剪切敏感性 circRNA-LONP2 通过靶向 NRF2/HO1 信号促进内皮炎症和动脉粥样硬化

血流动力学剪切应力是一种作用于血管内皮细胞的摩擦力，对内皮细胞的平衡至关重要。生理性层流剪切应力（LSS）可抑制内皮炎症，保护动脉免受动脉粥样硬化。在此，我们筛选了在 LSS 刺激下内皮细胞中发生显著改变的差异表达环状 RNA（circRNA），发现环状 RNA-LONP2 参与调节流动依赖性炎症反应。此外，内皮细胞circRNA-LONP2的过表达促进了体外和体内的内皮炎症和动脉粥样硬化。从机理上讲，circRNA-LONP2竞争性疏导了miR-200a-3p，随后促进了Kelch样ECH相关蛋白1、Yes相关蛋白1和zeste同源增强子2的表达，从而使核因子红细胞2相关因子2/血红素氧合酶-1信号失活，促进了氧化应激和内皮炎症，加速了动脉粥样硬化。LSS诱导的circRNA-LONP2下调至少部分抑制了内皮炎症，因为它激活了miR-200a-3p介导的核因子红细胞2相关因子2/血红素加氧酶-1信号通路。CircRNA-LONP2 可作为动脉粥样硬化的新治疗靶点。

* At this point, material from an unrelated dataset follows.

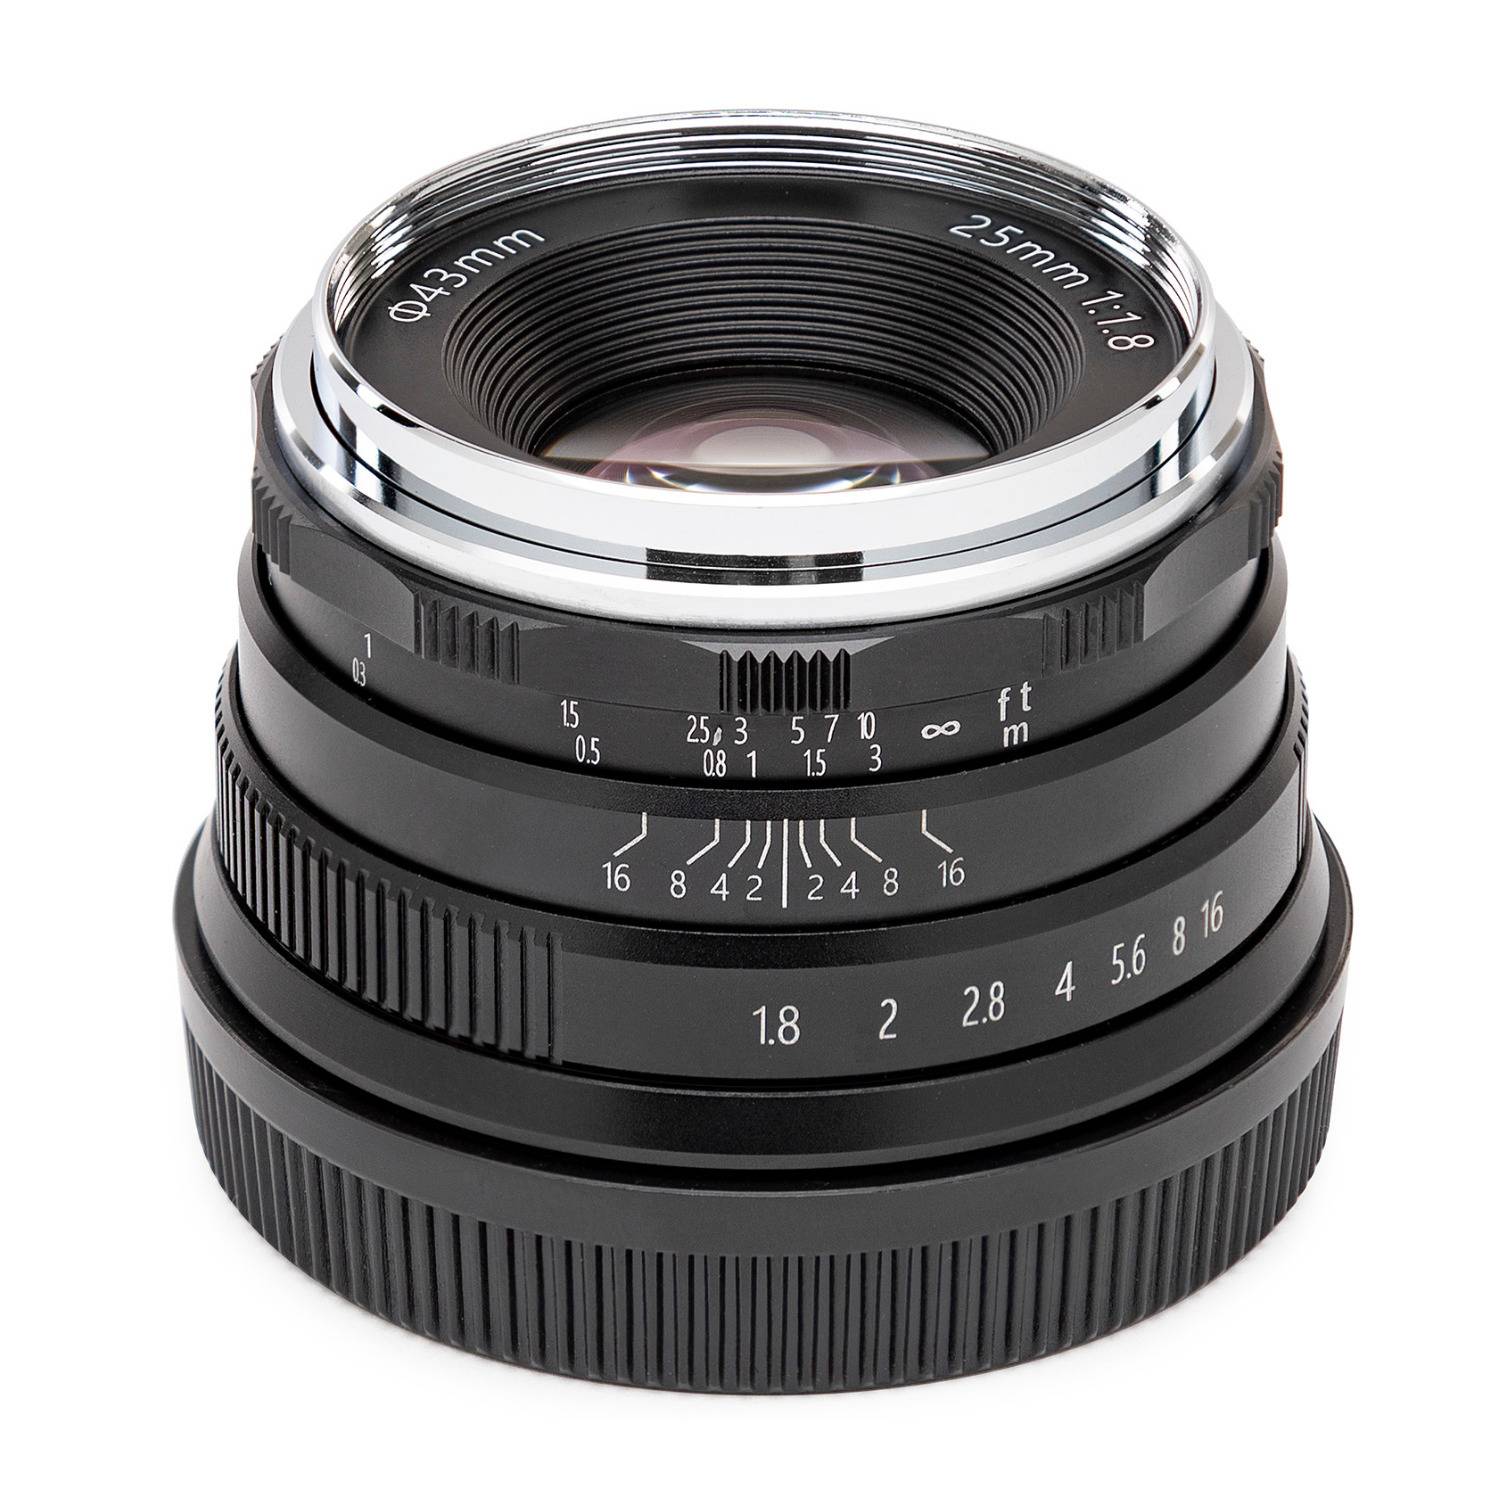 Koah Artisans Series 25mm f/1.8 Large Aperture Manual Focus Lens for Micro Four Thirds (Black)
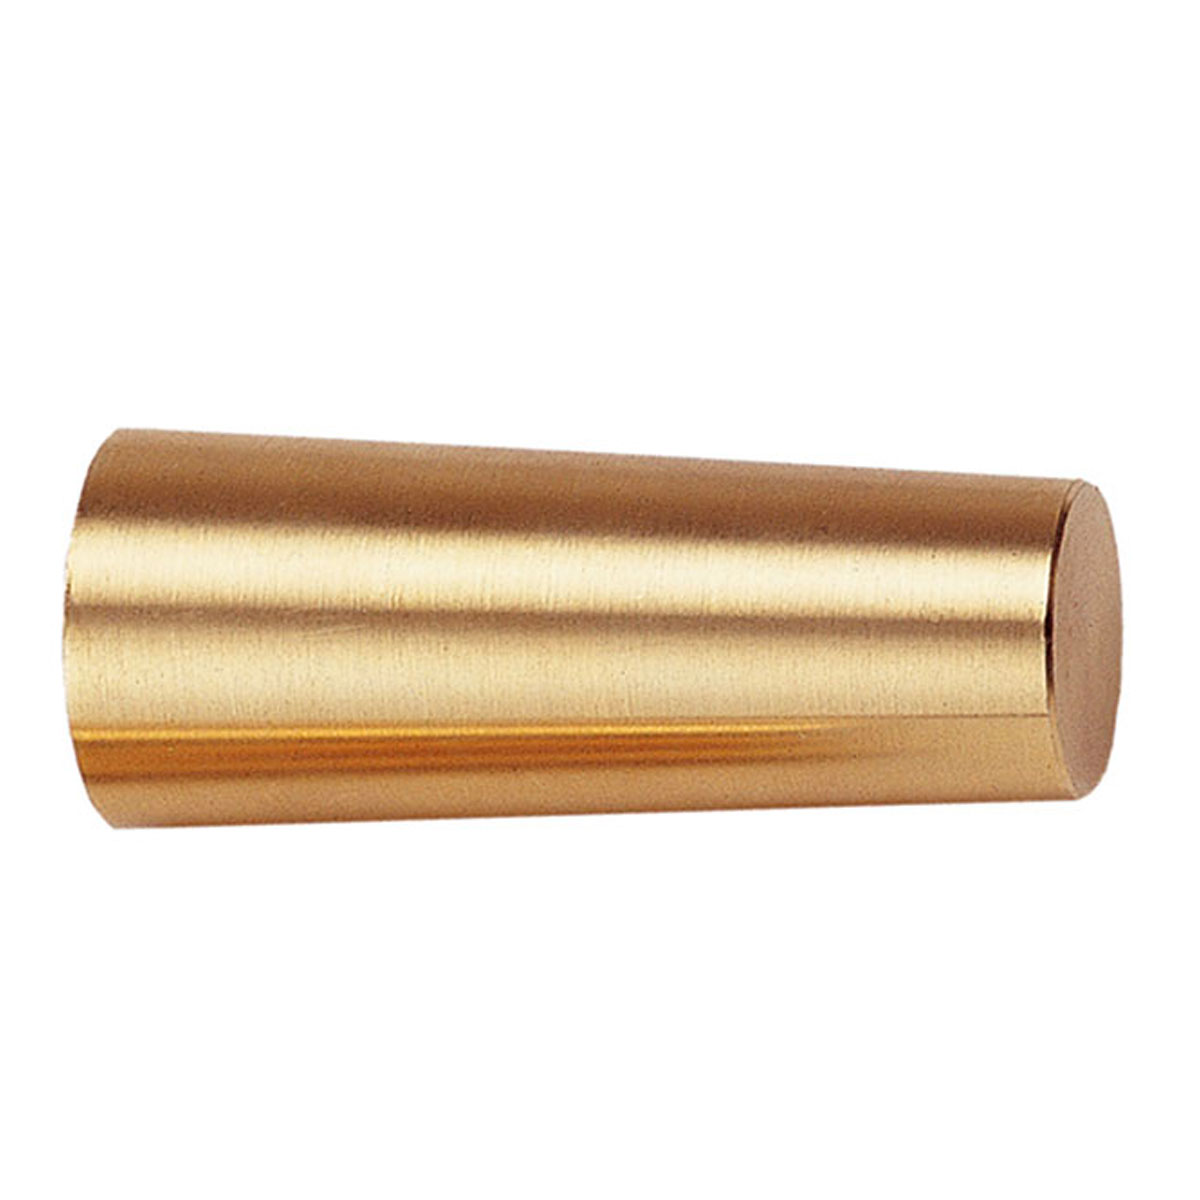 Brass Tube Plug For Tubes 25.4mm OD & BWG 15-22

本文章由计算机程序翻译，如有差异，请以英文原文为准。

求助全文

约1分钟内获得全文求助全文

来源期刊

JACC: Basic to Translational Science CARDIAC & CARDIOVASCULAR SYSTEMS-

CiteScore

14.20

自引率

1.00%

发文量

161

审稿时长

16 weeks

期刊介绍： JACC: Basic to Translational Science is an open access journal that is part of the renowned Journal of the American College of Cardiology (JACC). It focuses on advancing the field of Translational Cardiovascular Medicine and aims to accelerate the translation of new scientific discoveries into therapies that improve outcomes for patients with or at risk for Cardiovascular Disease. The journal covers thematic areas such as pre-clinical research, clinical trials, personalized medicine, novel drugs, devices, and biologics, proteomics, genomics, and metabolomics, as well as early phase clinical trial methodology.